O Mês Lilás não se resume a uma campanha simbólica: é um espelho das contradições históricas que atravessam a vida das mulheres no Brasil. A cada agosto, a sociedade é convocada a refletir sobre um problema que vai muito além das estatísticas — a violência contra a mulher é expressão de uma cultura patriarcal profundamente enraizada, que ao longo dos séculos reduziu o feminino à condição de objeto, submisso e descartável.
Essa herança da objetificação histórica da mulher se perpetua nas relações sociais, nas instituições e até mesmo nas políticas públicas. O resultado é a naturalização da violência, que se converte em números alarmantes. Porto Seguro, por exemplo, aparece em 14º lugar entre as cidades mais violentas do país, segundo o Anuário Brasileiro de Segurança Pública de 2024. Esse dado não é um acidente estatístico, mas um retrato da persistência de desigualdades estruturais que se traduzem em agressões físicas, psicológicas, patrimoniais e até letais, atingindo toda a sociedade do local com fama de paraíso.
Nos últimos anos, aqui foram registrados casos de grande repercussão que chocaram a sociedade, como o da adolescente Nayara Gatti, assassinada em Caraíva, e da mulher que, após ser agredida e ter o corpo incendiado pelo companheiro, pulou da janela de um apartamento para escapar da morte, sofrendo diversas lesões na queda. Ao lado desses episódios de brutalidade extrema, existem ainda inúmeros outros casos, menos notórios, que se repetem diariamente e acabam caindo na banalização social e institucional da violência contra a mulher. O silêncio diante dessas situações revela o quanto a sociedade ainda naturaliza práticas de opressão.
Contudo, a história também é feita de resistências. As lutas feministas, os coletivos de mulheres e o empenho de setores comprometidos têm arrancado conquistas, ainda que insuficientes diante da dimensão do problema. Um exemplo desse esforço é a criação do Batalhão de Policiamento de Proteção à Mulher, sob o comando da tenente-coronel Roseli de Santana Ramos, que foi palestrante no seminário “Vozes que Protegem!”, realizado nesta quinta-feira, dia 14 de agosto, no Centro de Cultura de Porto Seguro. O Batalhão reforça a ideia de que a proteção das mulheres exige mais do que repressão: demanda escuta, acolhimento e redes de cuidado.

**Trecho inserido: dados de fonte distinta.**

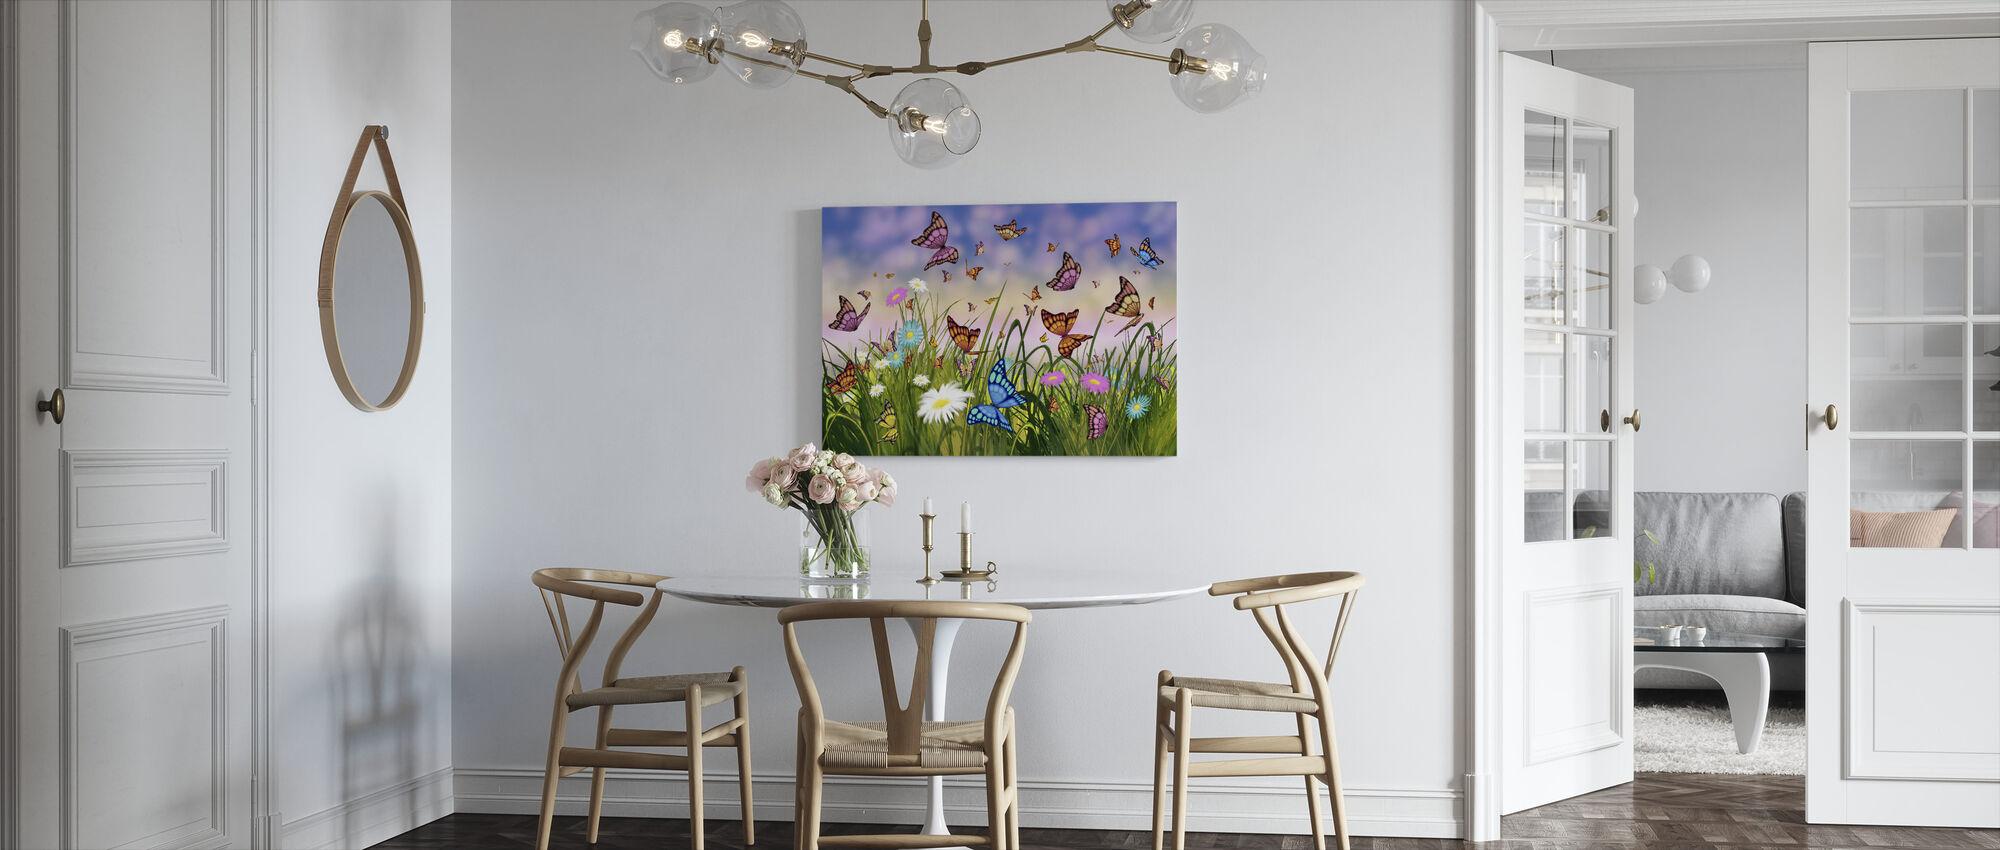 Vlinder Dromen - Canvas print - Keuken

É o segundo do tipo no Brasil, sediado em Salvador, mas com atuação em todo o Estado, o que sinaliza uma tentativa de resposta institucional ao cenário de violência.
Em geral, dentro das ações desenvolvidas no Mês Lilás, ganha força a reivindicação por uma Delegacia Especializada de Atendimento à Mulher (DEAM) que funcione 24 horas por dia, 7 dias por semana, com agentes mulheres no atendimento, condição indispensável para que vítimas encontrem coragem e segurança ao denunciar. Estão também o fortalecimento das Rondas Maria da Penha, que reforçam o policiamento ostensivo voltado à prevenção da violência contra a mulher. Mais do que proteger vítimas já ameaçadas, essas iniciativas buscam desarticular ciclos de violência antes que se tornem irreversíveis. Elas também trazem à tona uma verdade muitas vezes invisibilizada: a violência doméstica não escolhe classe social ou raça. Atinge tanto mulheres pobres quanto ricas, negras ou brancas, evidenciando que o machismo estrutural se infiltra em todas as camadas da sociedade.
O Mês Lilás, portanto, é um convite a encarar as raízes do problema: a violência não nasce no ato da agressão, mas em uma sociedade que ainda insiste em controlar, silenciar e subalternizar as mulheres. Enfrentá-la implica questionar as estruturas de poder, fortalecer as políticas públicas e multiplicar os espaços de acolhimento.
Mais que uma data no calendário, o Mês Lilás é um ato político de memória e resistência — um grito coletivo de que nenhuma vida pode ser descartada, nenhuma violência pode ser banalizada e nenhum direito pode ser negado. A responsabilidade é de todos: do Estado, que precisa garantir políticas públicas eficientes; da justiça, que deve punir com rigor os agressores; e da sociedade, que precisa romper com o silêncio cúmplice e combater o machismo em todas as suas formas.
Não se trata apenas de lembrar as vítimas, mas de honrá-las com mudanças concretas. Porque o direito das mulheres a uma vida digna, livre de violência, não pode mais ser promessa: deve ser realidade cotidiana.